EXERCISE GOAL:
Give every line of the data again, unchanged, but with no pictures.

DATASET CONTENT:
══════════

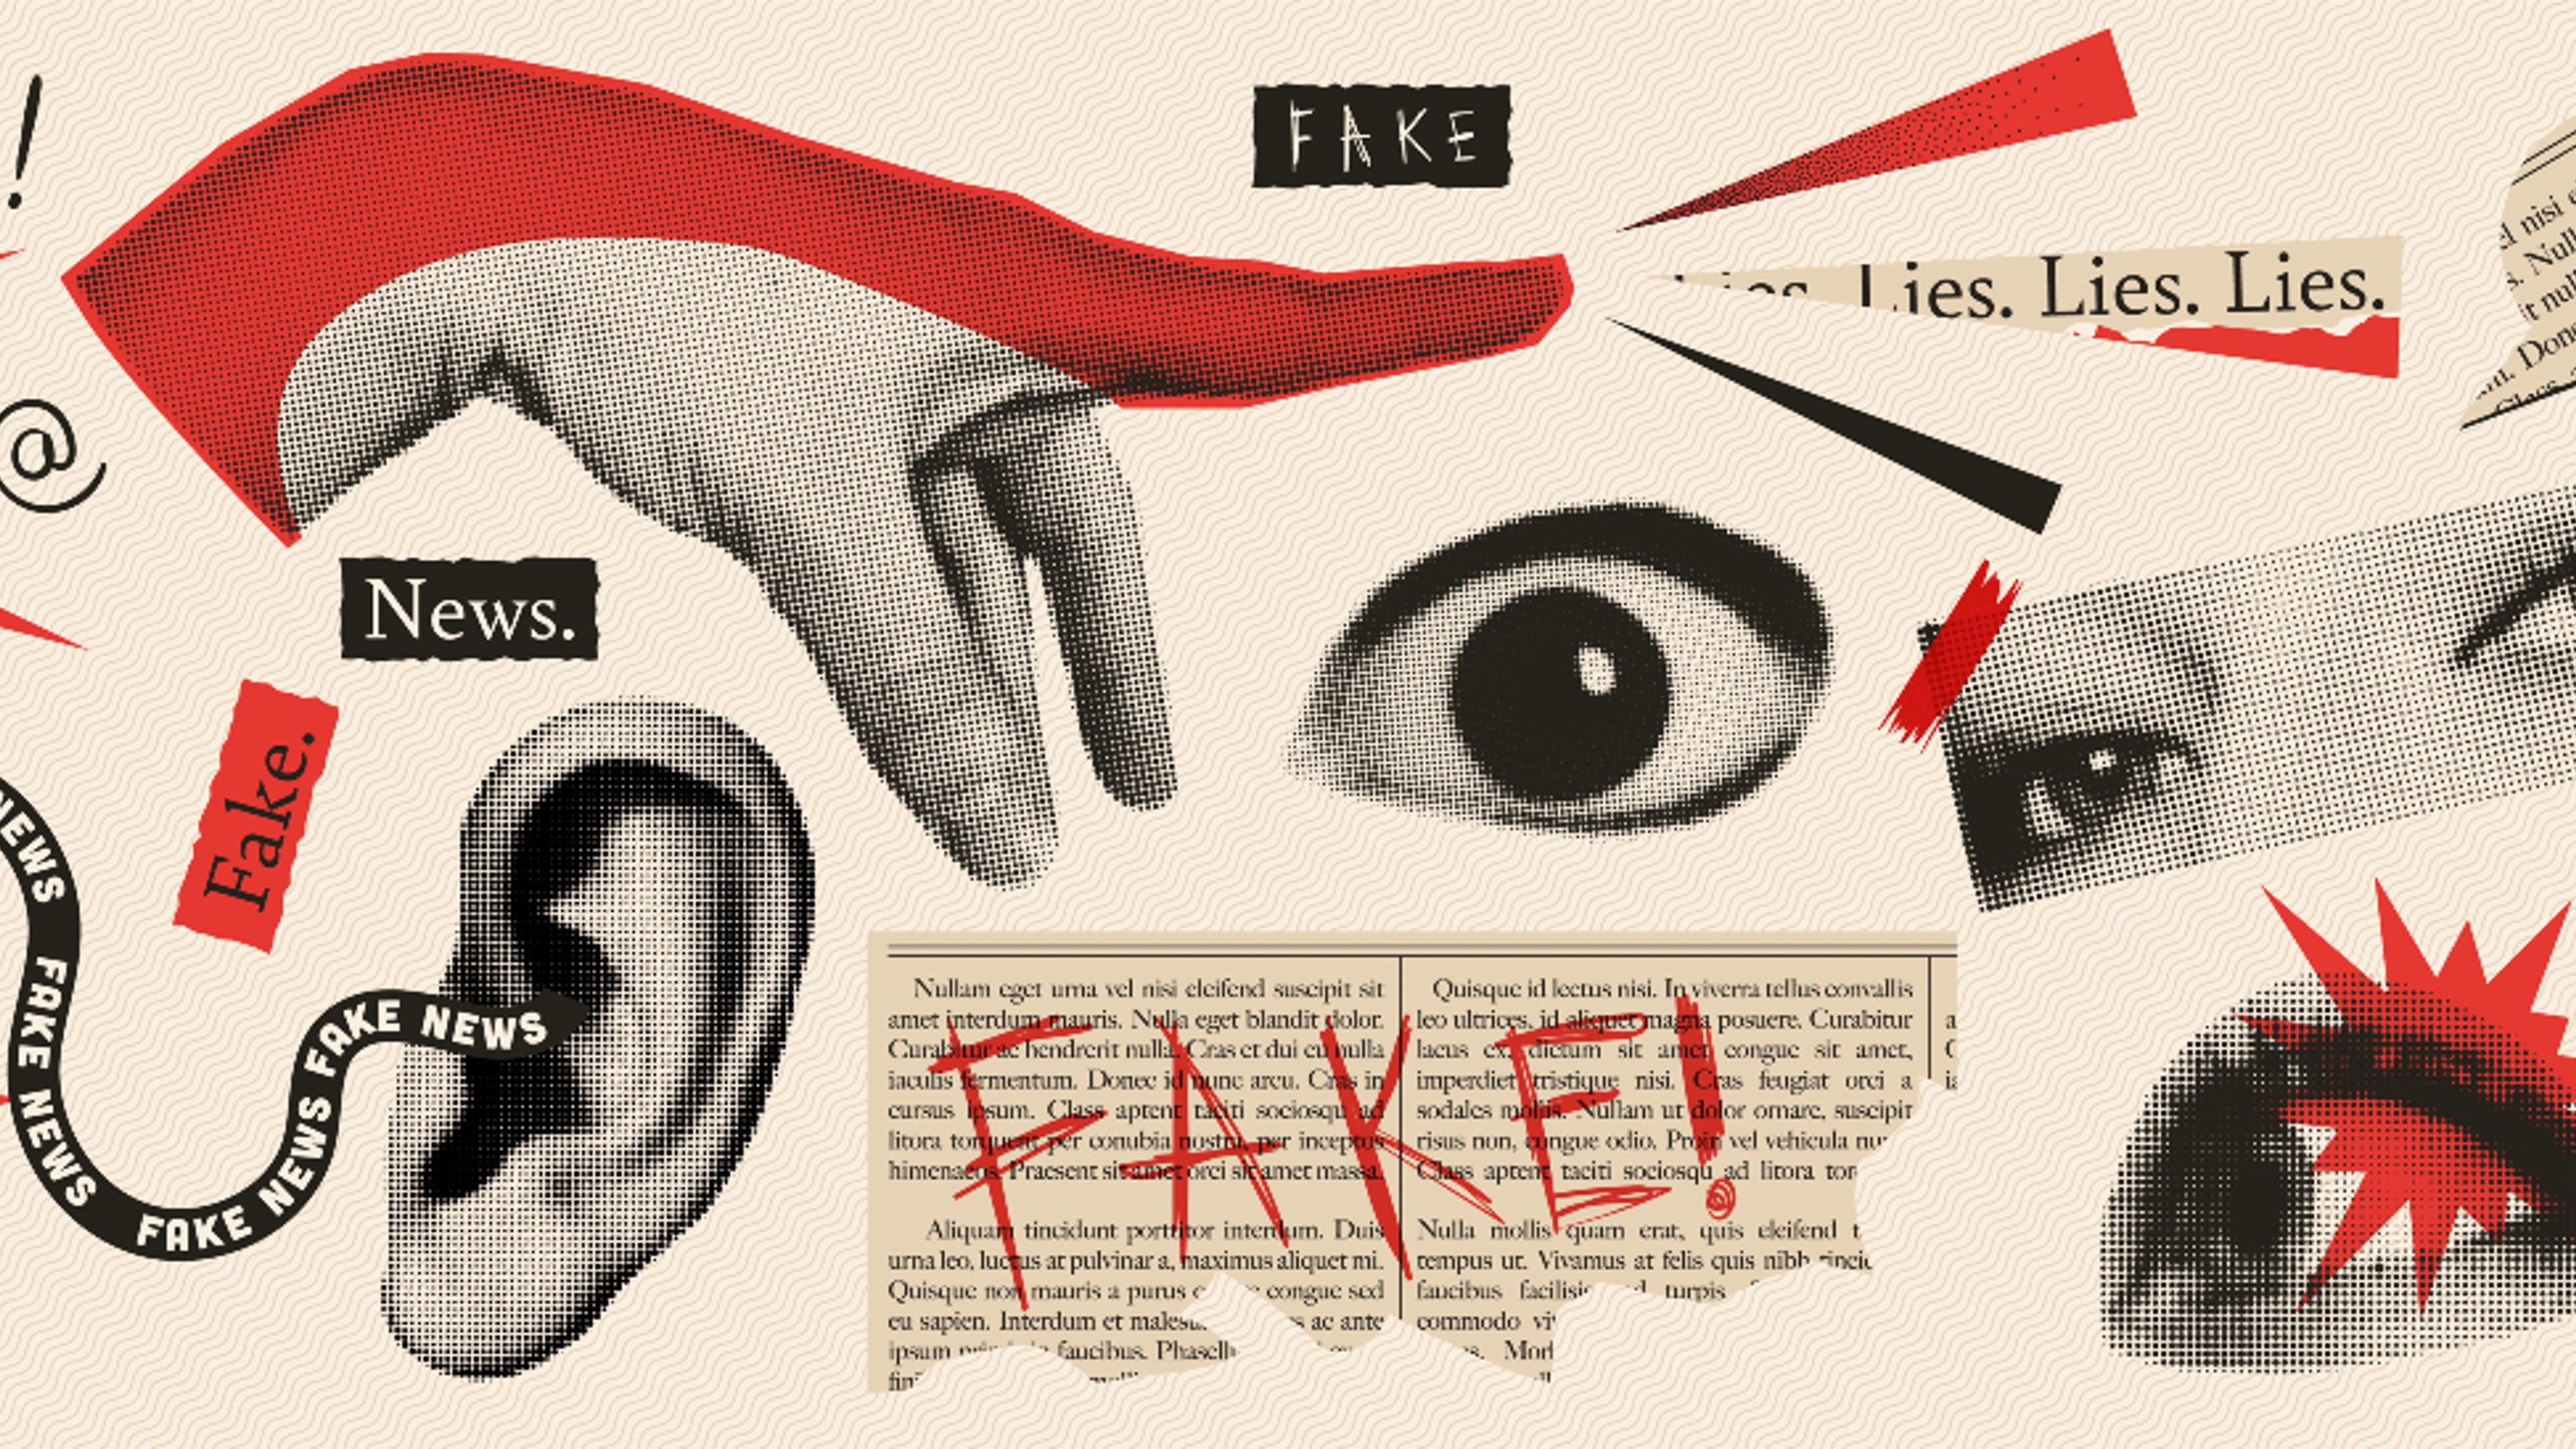 A collage highlighting disinformation with a fake ear.
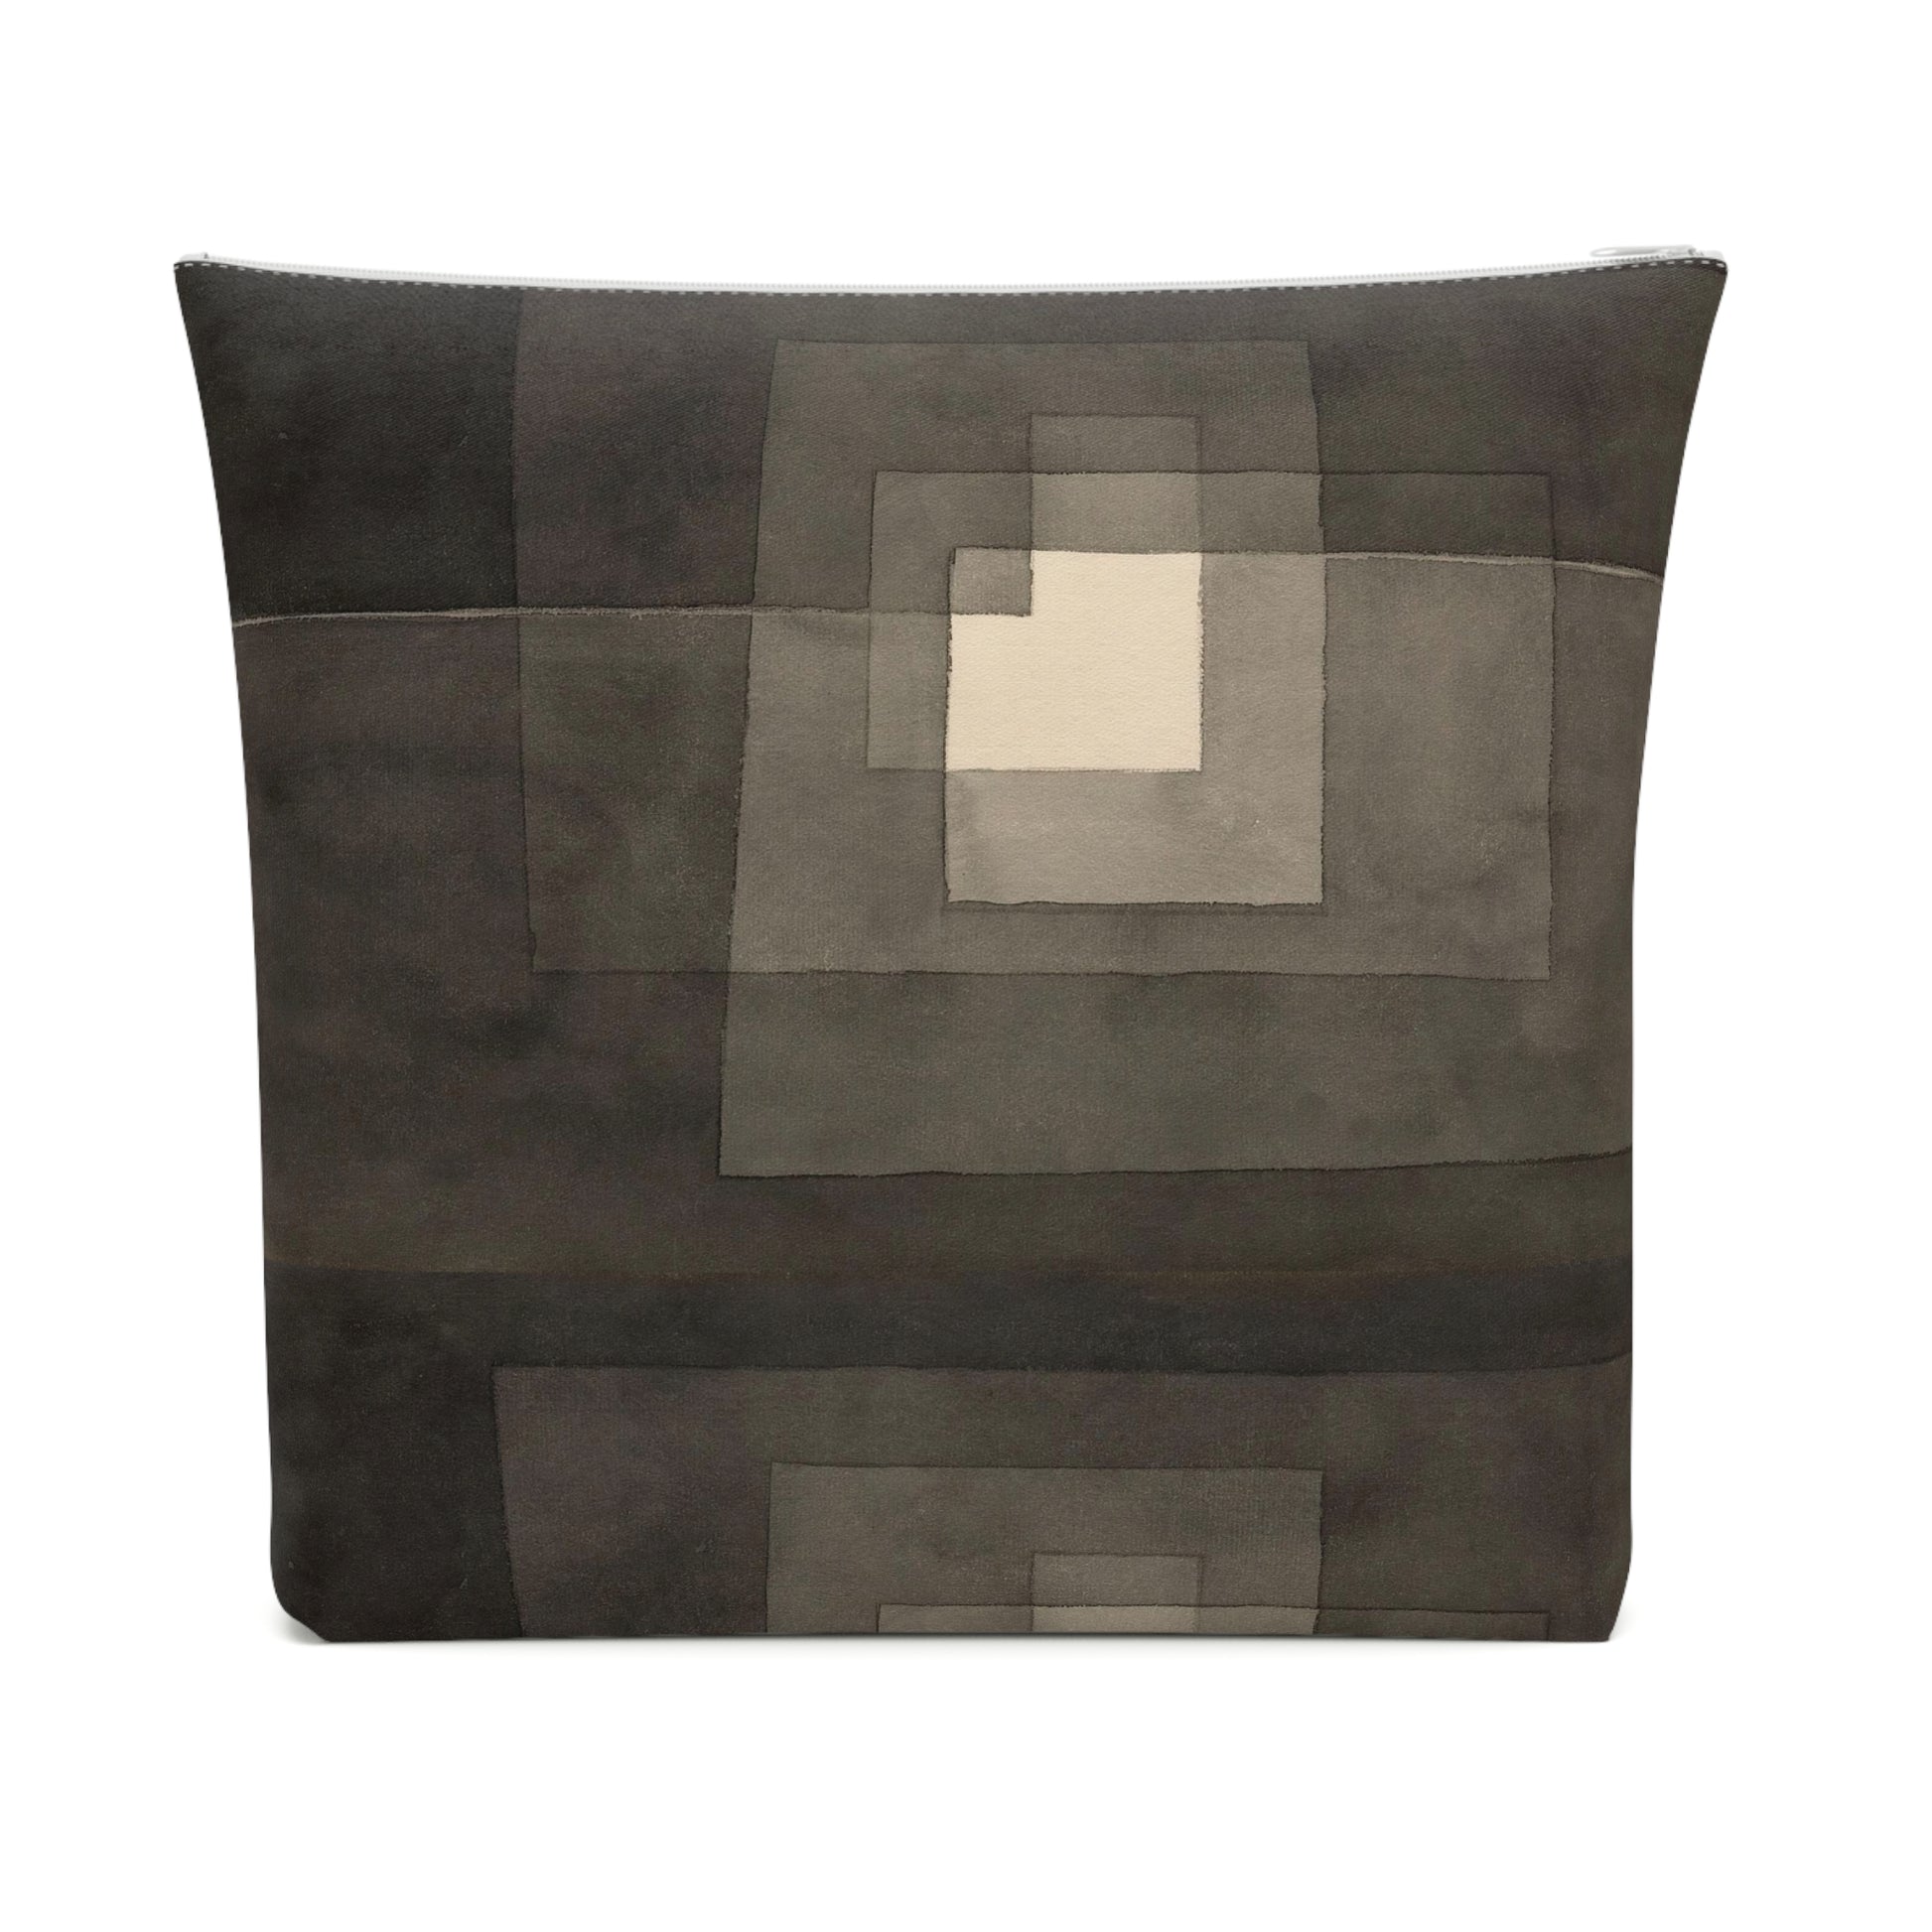 a gray pillow with a square and rectangle pattern
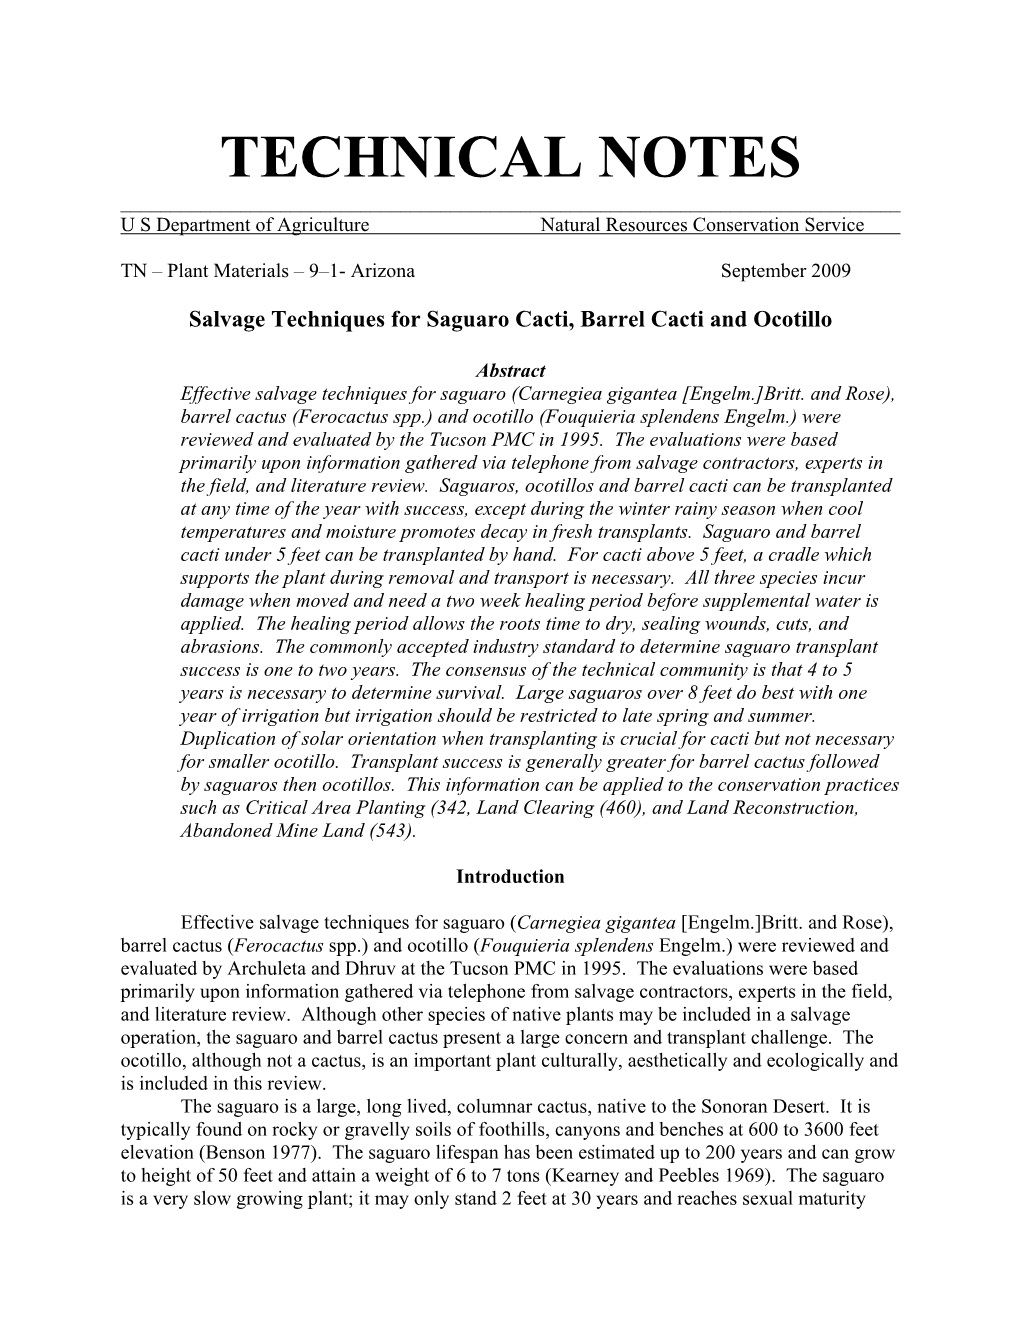 Technical Note: TN 9-1, Salvage Techniques for Saguaro Cacti

══════════

TASK SOLUTION:
 A collage highlighting disinformation with a fake ear.
 a gray pillow with a square and rectangle pattern
 Technical Note: TN 9-1, Salvage Techniques for Saguaro Cacti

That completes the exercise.